Pair Product

Pair Product

Given a slice of integers and a nonzero target, return the indices of the two numbers whose product equals the target. As with Pair Sum, scan left to right and return [i, j] for the earliest earlier index i that completes the pair at j, in increasing order. Assume exactly one valid answer exists.

pairProduct(nums, target)

Input format: nums | target. Output the two indices separated by a space.

Examples

pairProduct([]int{3, 2, 5, 4}, 8)   // → [1, 3]   (2 * 4)
pairProduct([]int{2, 7, 3}, 21)     // → [1, 2]   (7 * 3)
pairProduct([]int{6, 4}, 24)        // → [0, 1]

Walkthrough

Thinking it through

This is the same shape as finding a pair that sums to a target, just with multiplication instead of addition. If you already know how to solve the sum version, you can carry the same reasoning over almost unchanged — just swap the operation and its inverse.

Reframing around the inverse operation

For a sum target, the value you need to have already seen is target minus current. For a product target, it's target divided by current — division undoes multiplication the same way subtraction undoes addition.
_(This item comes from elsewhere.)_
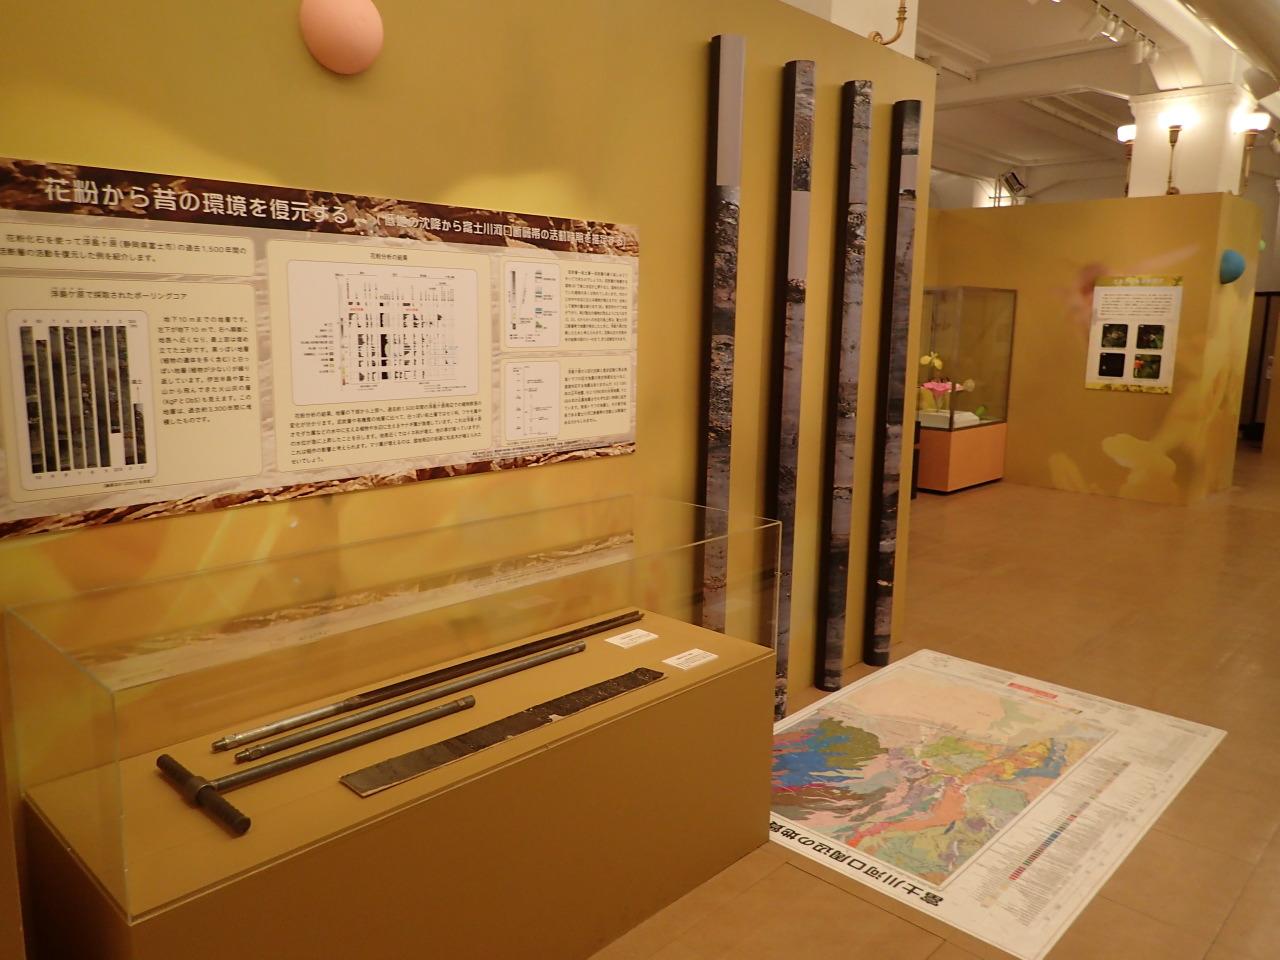 国立科学博物館「花粉と花粉症の科学」展

So the core idea carries over: scan left to right and ask "have I already seen the partner this number needs?", where "partner" is defined by the inverse operation.

Why a hash map still works

Checking every pair of indices is O(n²) — the same waste as before. By the time you reach a given index, you already know every value before it; you just need a fast way to check if a specific value was among them. A hash map from value to its first index gives you that O(1) lookup, turning the nested loop into a single pass.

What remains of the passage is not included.